_COLLECTED MATERIAL:_
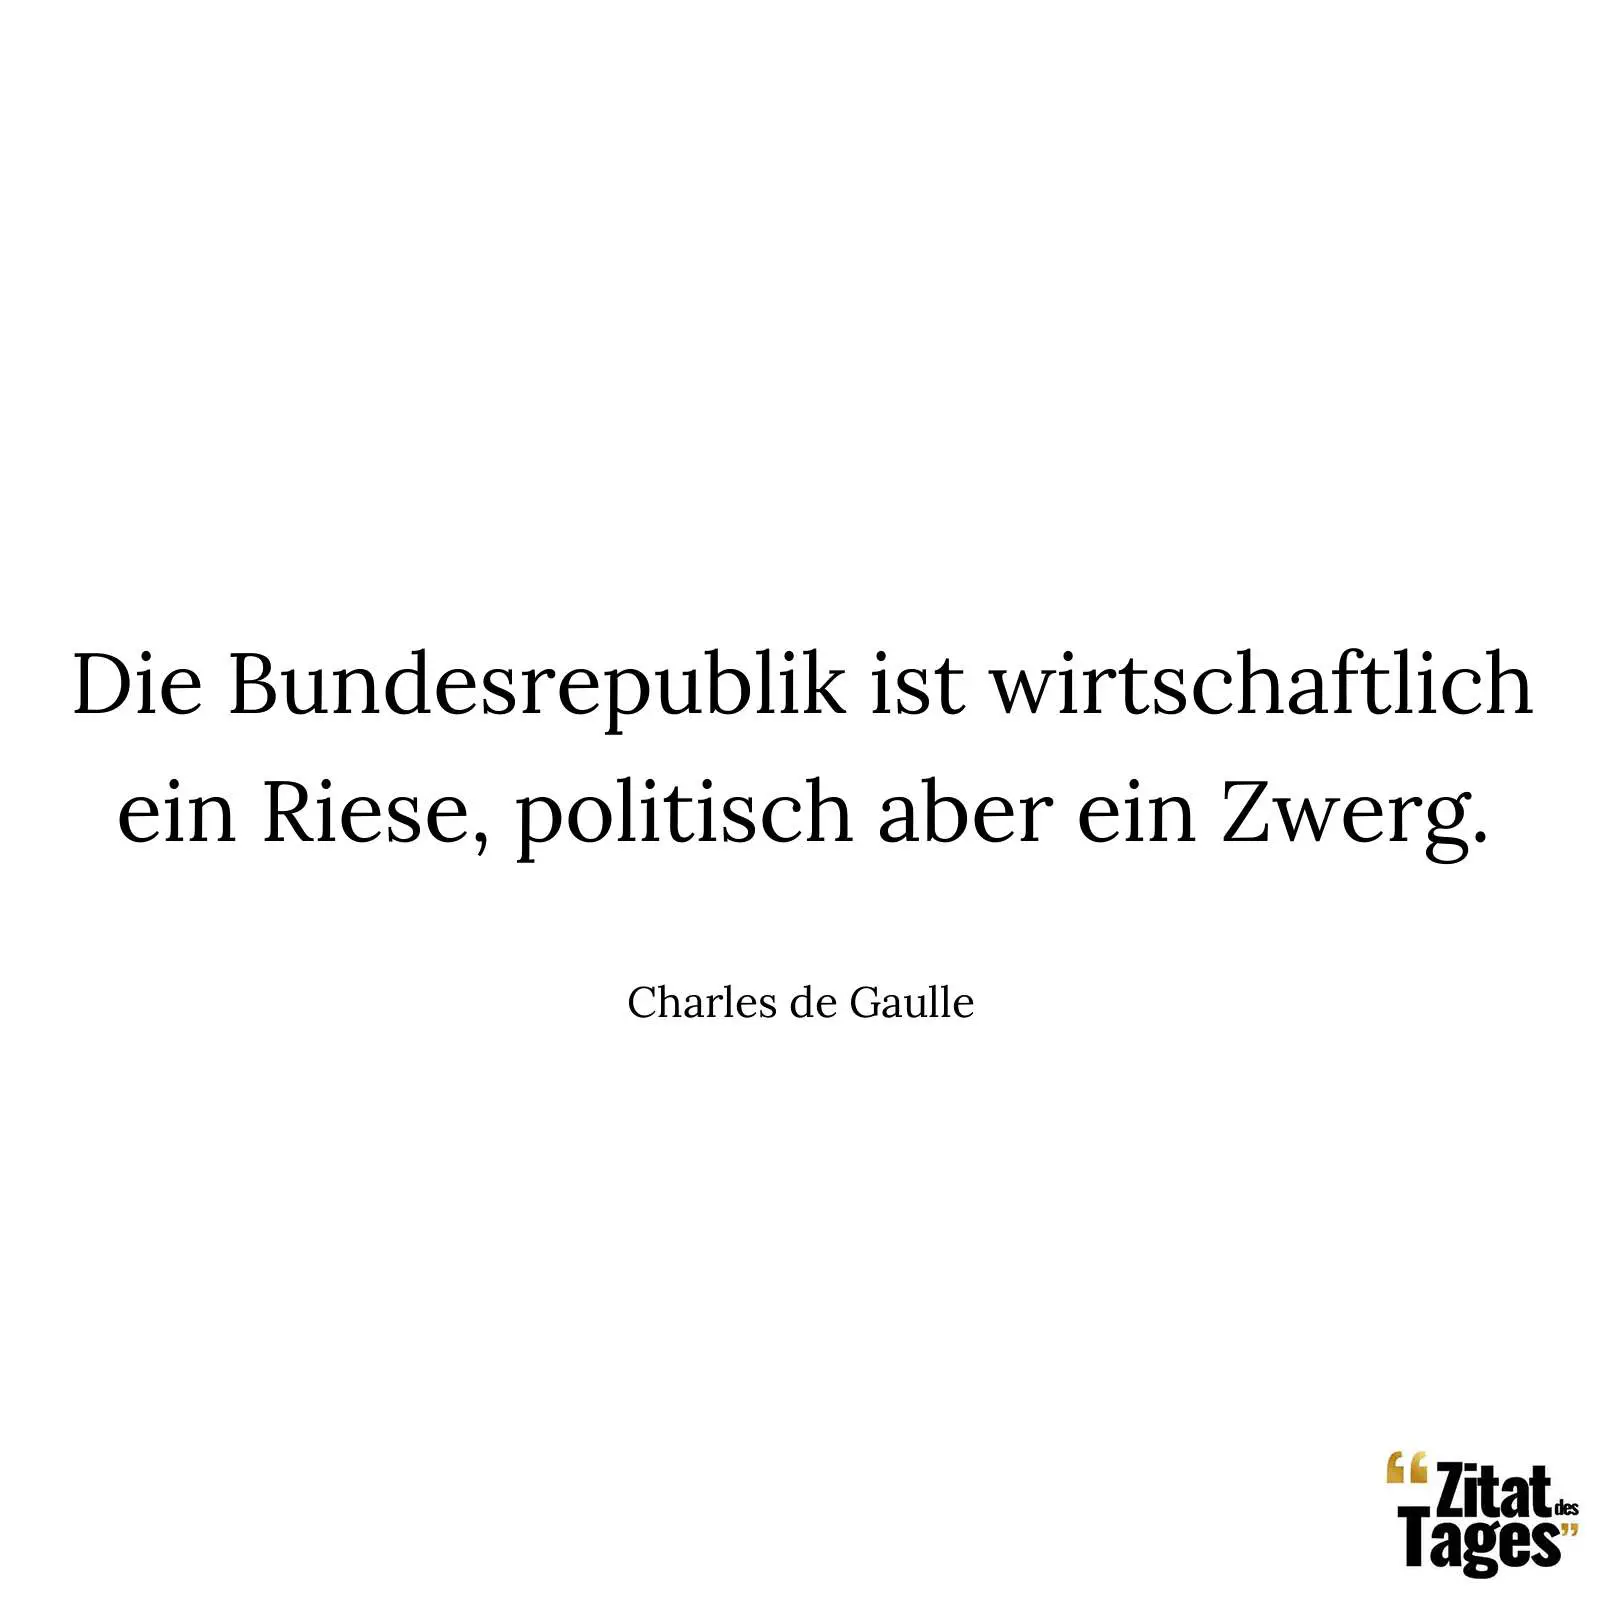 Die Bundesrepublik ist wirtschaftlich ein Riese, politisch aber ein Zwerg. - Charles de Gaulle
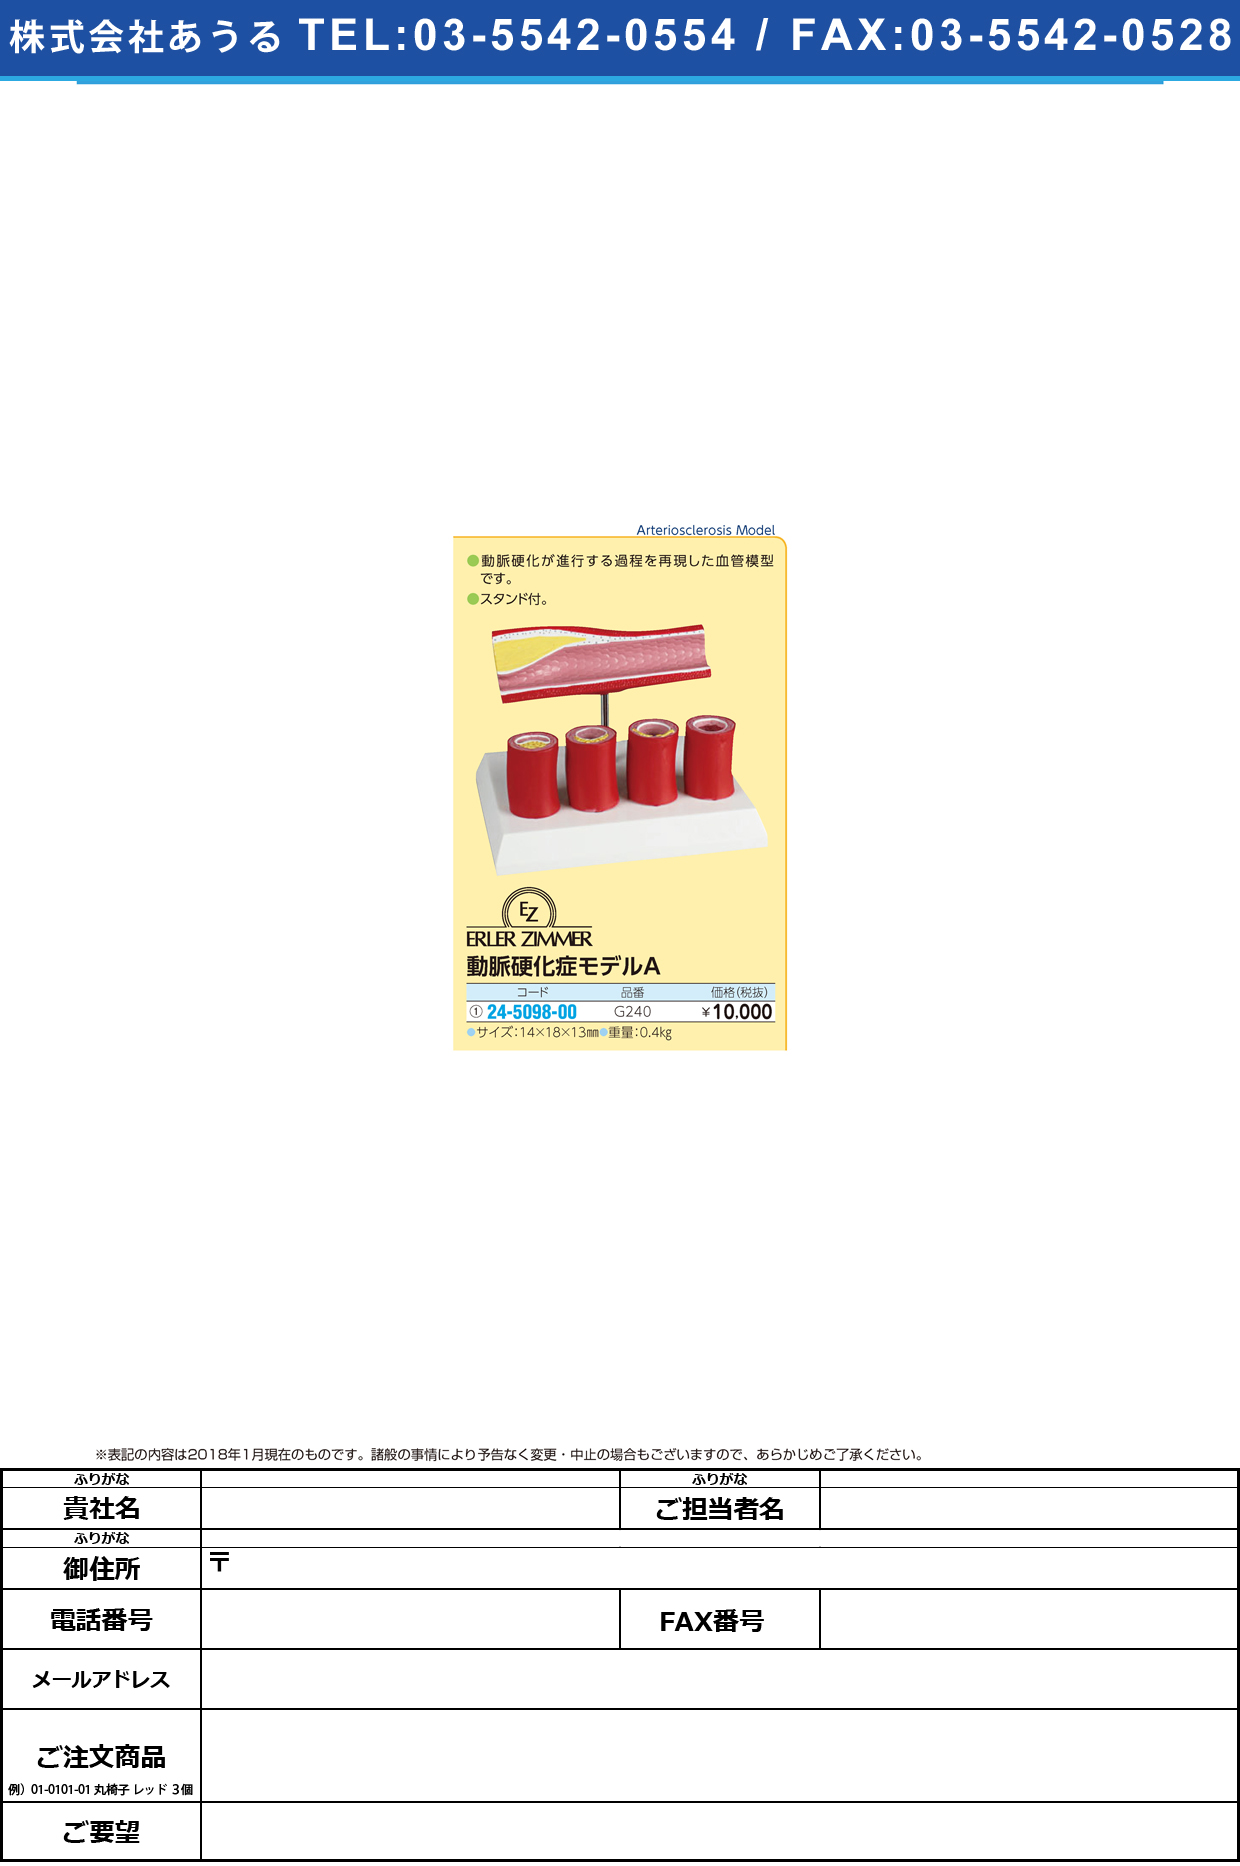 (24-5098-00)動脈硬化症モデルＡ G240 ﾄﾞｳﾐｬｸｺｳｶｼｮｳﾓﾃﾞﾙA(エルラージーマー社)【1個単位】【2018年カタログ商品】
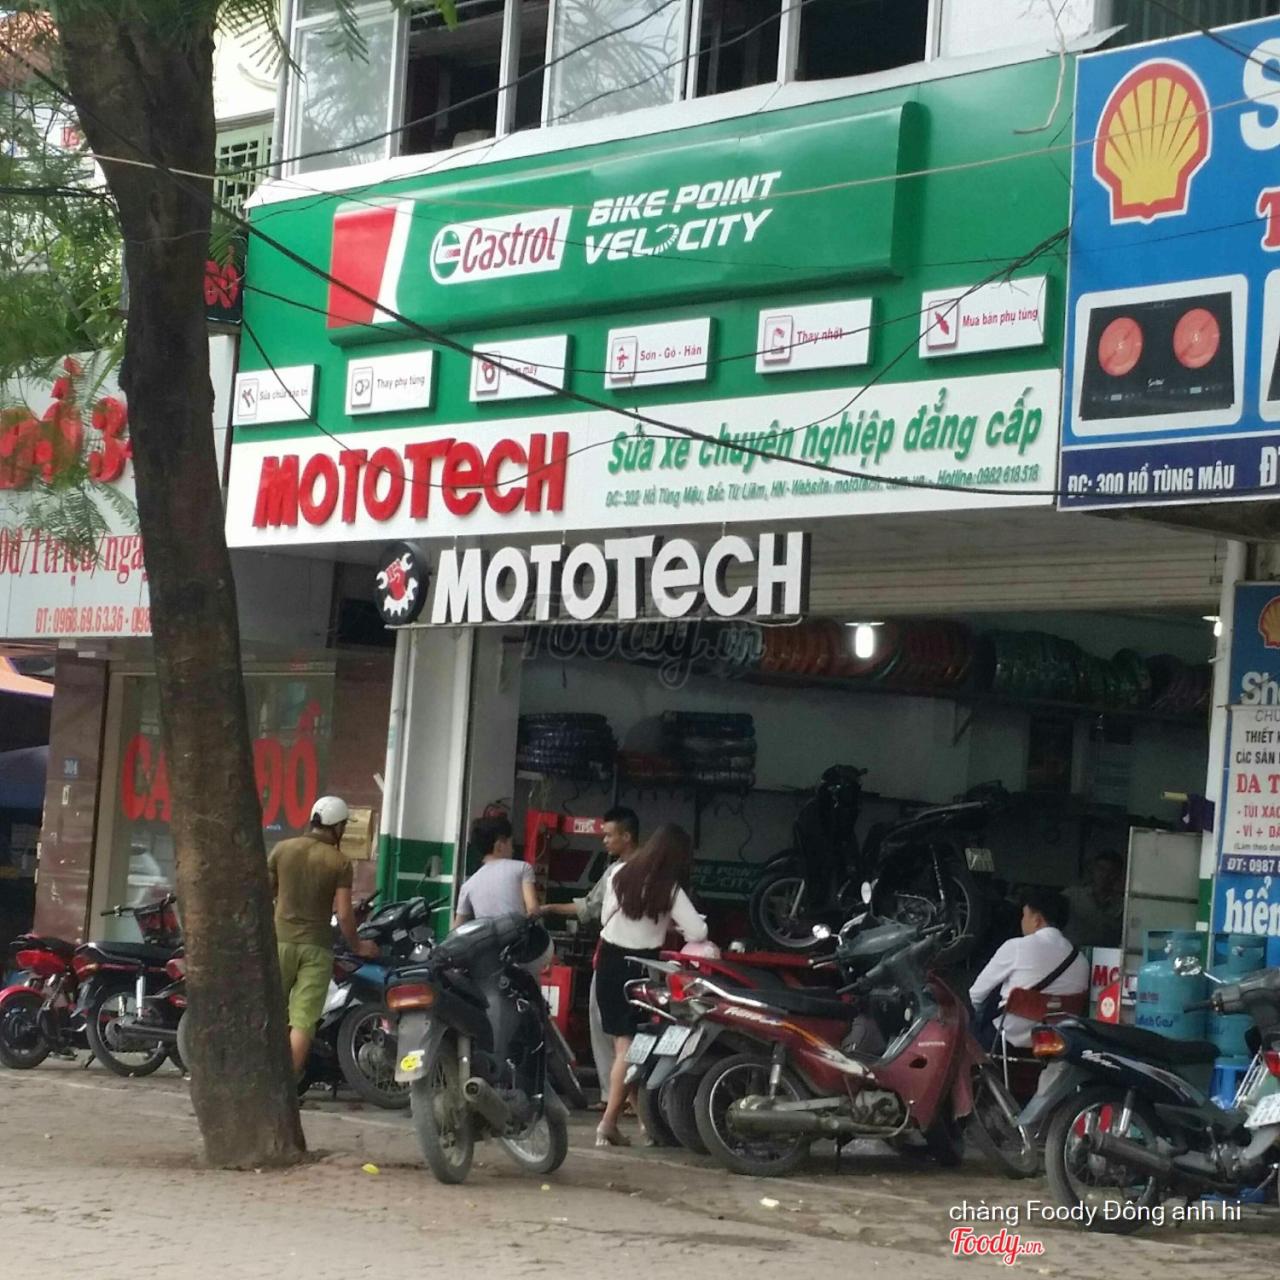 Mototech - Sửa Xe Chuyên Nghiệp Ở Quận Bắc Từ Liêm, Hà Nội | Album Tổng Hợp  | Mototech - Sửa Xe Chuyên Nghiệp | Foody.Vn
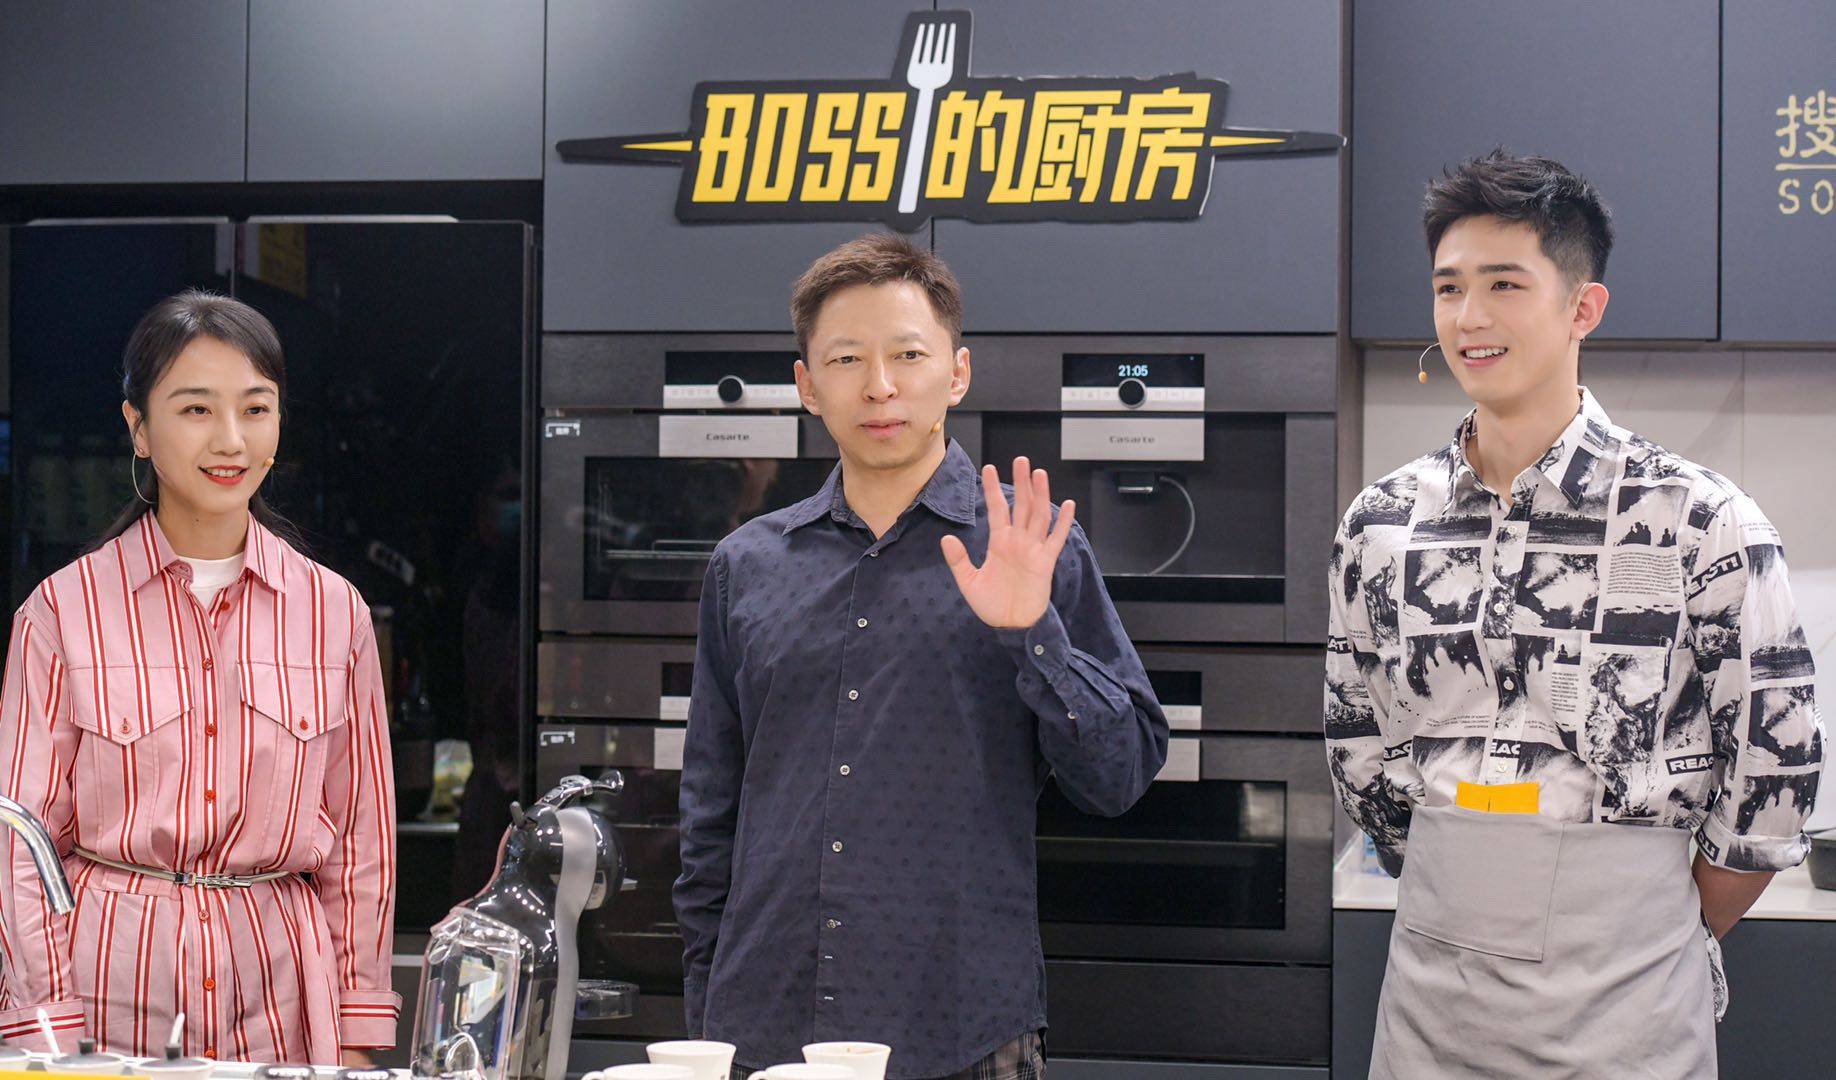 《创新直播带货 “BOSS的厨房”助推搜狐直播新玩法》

_REQUIREMENT:_
Without including any picture, copy the listing above exactly and in full.

_RESULT OF THE EXERCISE:_
 Die Bundesrepublik ist wirtschaftlich ein Riese, politisch aber ein Zwerg. - Charles de Gaulle
 (24-5098-00)動脈硬化症モデルＡ G240 ﾄﾞｳﾐｬｸｺｳｶｼｮｳﾓﾃﾞﾙA(エルラージーマー社)【1個単位】【2018年カタログ商品】
 Mototech - Sửa Xe Chuyên Nghiệp Ở Quận Bắc Từ Liêm, Hà Nội | Album Tổng Hợp  | Mototech - Sửa Xe Chuyên Nghiệp | Foody.Vn
 《创新直播带货 “BOSS的厨房”助推搜狐直播新玩法》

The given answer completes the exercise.